Business Against Consumer Access To The Courts

A new report by Public Citizen, called "The Gilded Chamber," analyzes the US Chamber of Commerce's 2012 tax forms and found that more than half of all contributions to the Chamber came from just 64 donors in 2012.
The report looks at 1,619 contributions listed on Form 990 tax return documents, required for nonprofits to report contributions of more than $5000 to the IRS, by the Chamber and its partner, the US Chamber Institute for Legal Reform (ILR). The ILR works in conjunction with the Chamber for legal reforms that largely favor business and against consumer-access to the courts. Only a few of the organization's overall donors make up the majority of their contributions, according to the report.

According to the report, the sum of all contributions of $5,000 or more amounted to more than 94 percent of the Chamber's total donations in 2012, with an average donation at $111,254. Overall, the top 43 organizations contributed a combined $80.4 million to the Chamber. The Chamber's revenue came largely from dozens of contributions of $500,000 or more and hundreds of donations ranging from $10,000 and $20,000, according to the study.

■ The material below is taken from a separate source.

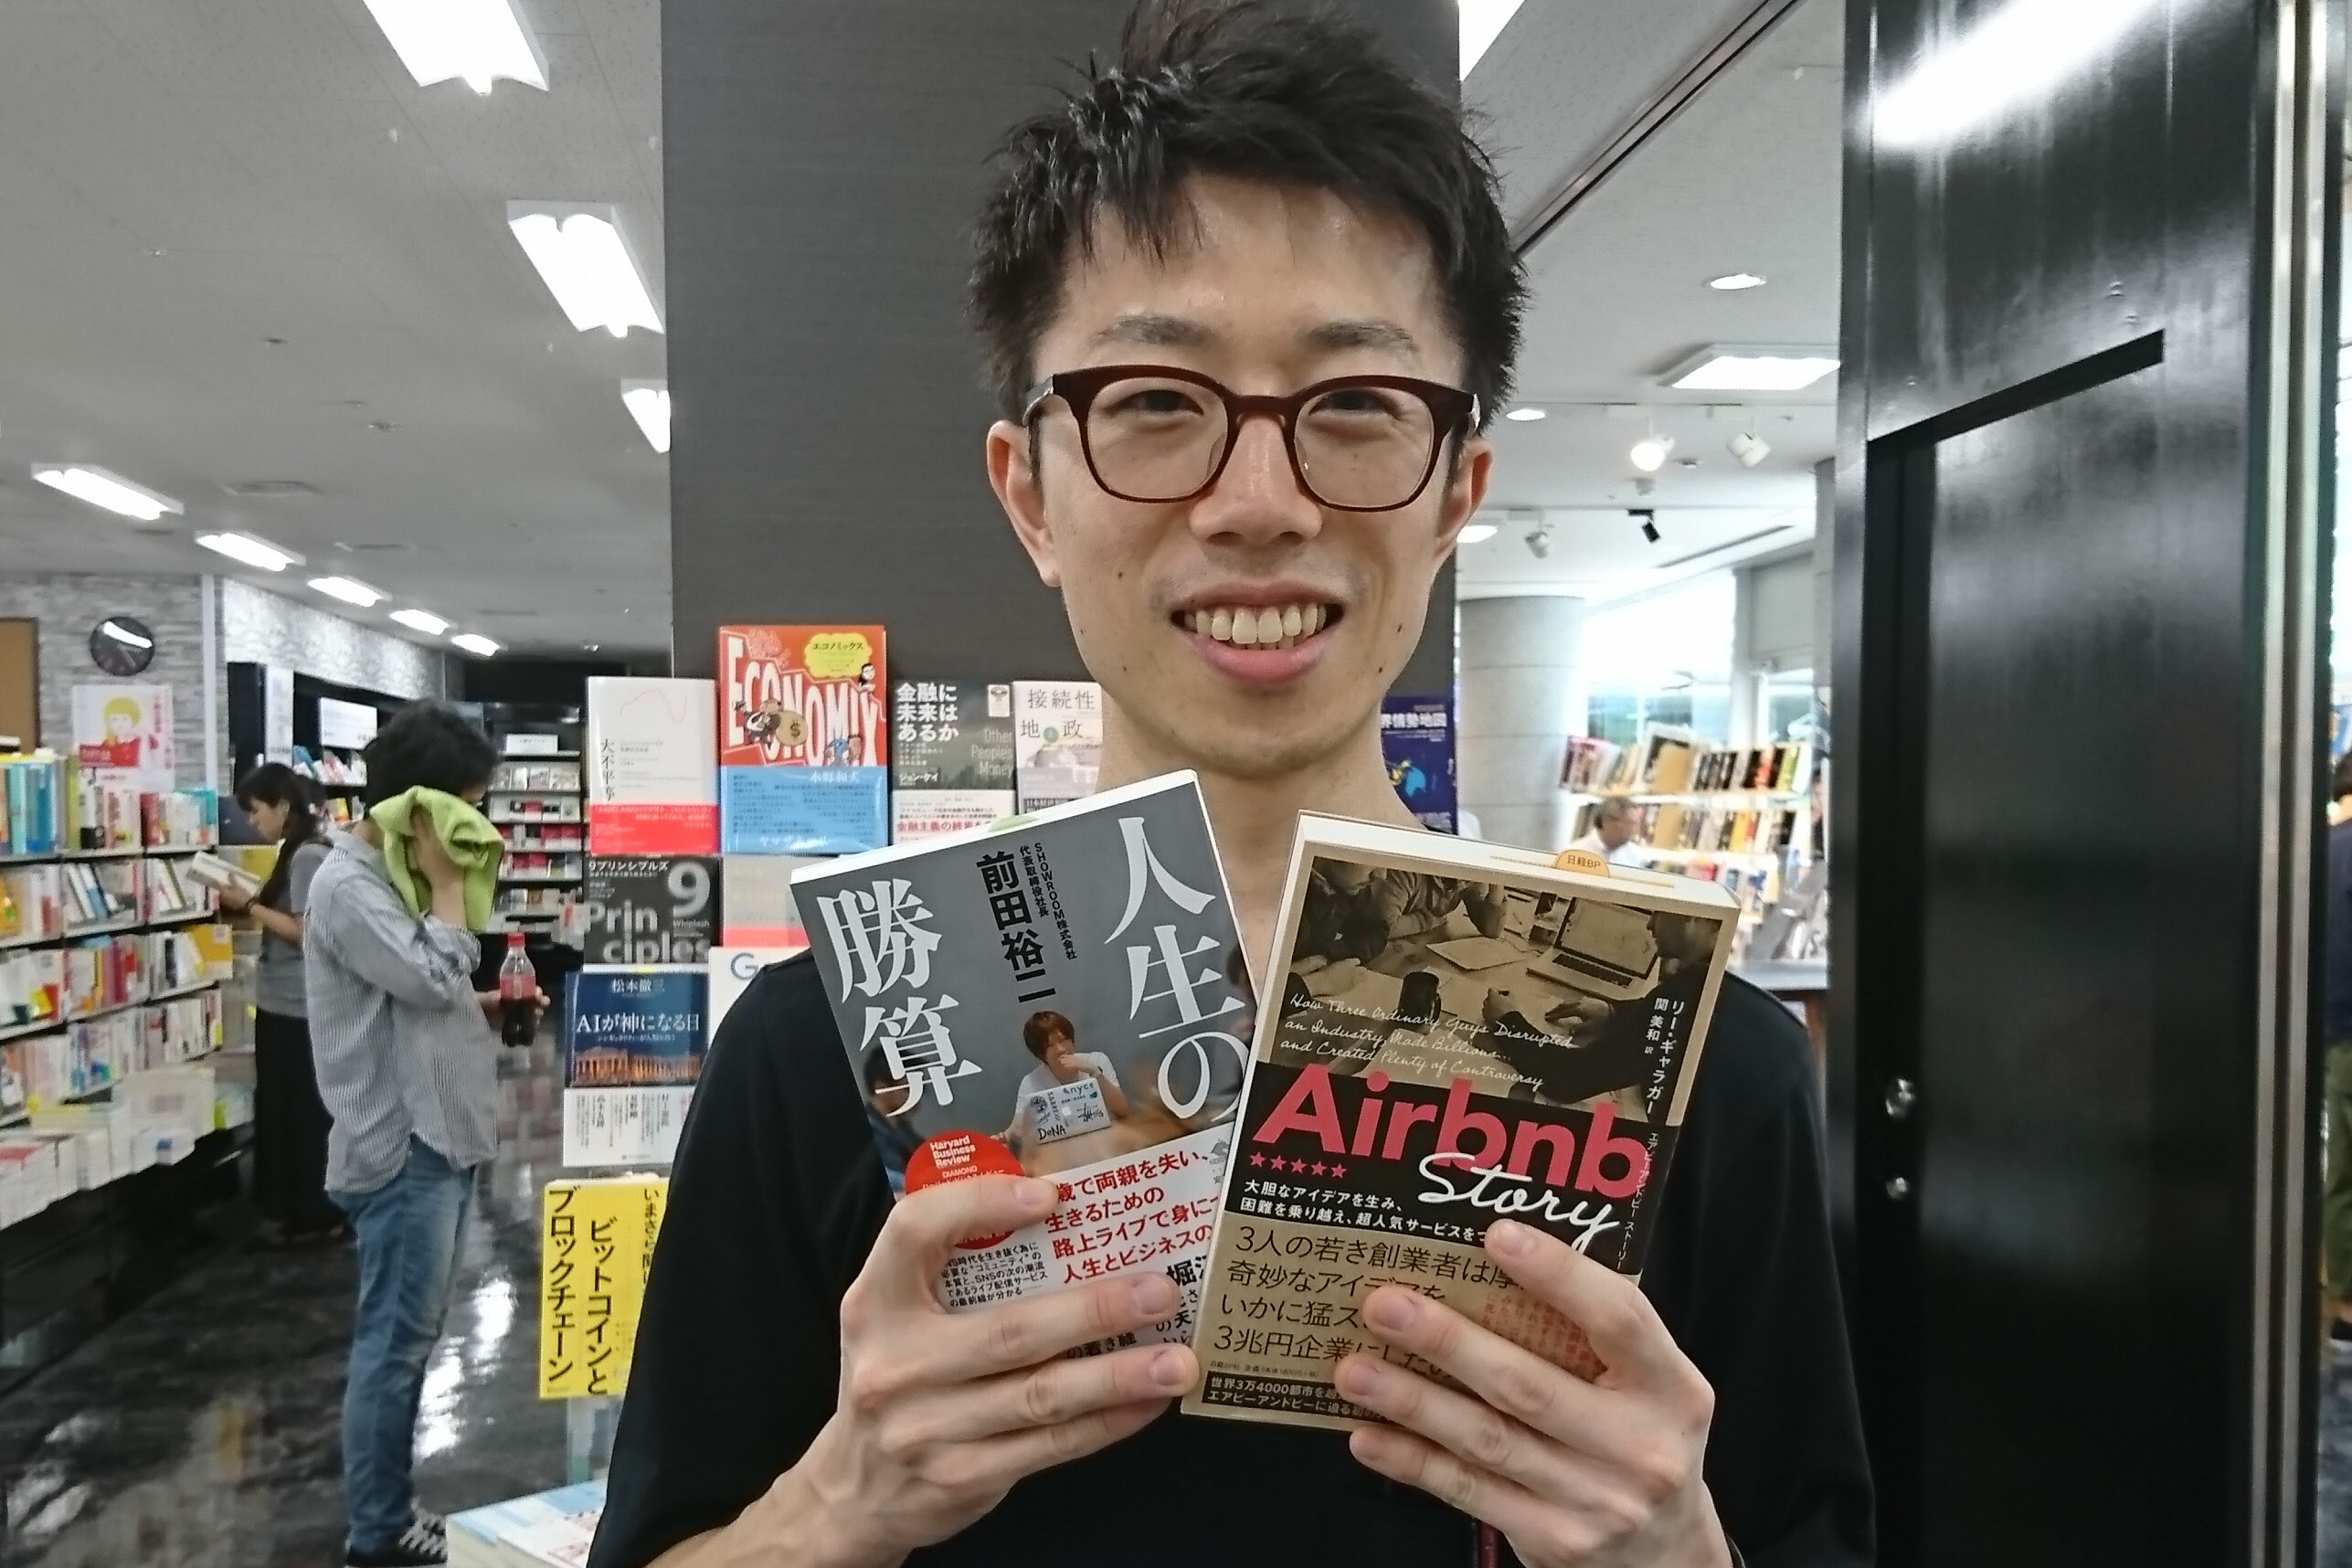 青山ブックセンター本店の益子陽介さんおすすめは「Airbnb Story」と「人生の勝算」

  The report found that the ILR's average donation was $454,110, with just 21 entities giving a combined $27.3 million. This accounted for more than two-thirds of the ILR's total $43.6 million in donations. The ILR's funding came almost exclusively from contributions ranging in the hundreds of thousands or millions. The report found that a huge majority, 71 percent, of the ILR's 96 donations were for $100,000 or more, and more than half were for $250,000 or more.

 Generally, [the ILR] works to characterize consumer lawsuits as frivolous and a waste of time and money, and that may be the perspective of entities that were able to donate an average of $450,000 dollars - which what the ILR got in its average donation - but for the average consumer, a lot of people want to hold on to the right to sue in a class-action lawsuit if there's a large number of people damaged by a company's practices.

 But it's still hard to say exactly what the interests of these large corporations and organizations are beyond generalizations because the donor's identities remain unknown. According to the report, the only company to publicly disclose its contribution to the Chamber is Dow Chemical Co., which disclosed giving $2.9 million to the Chamber (its sixth biggest donation in 2012).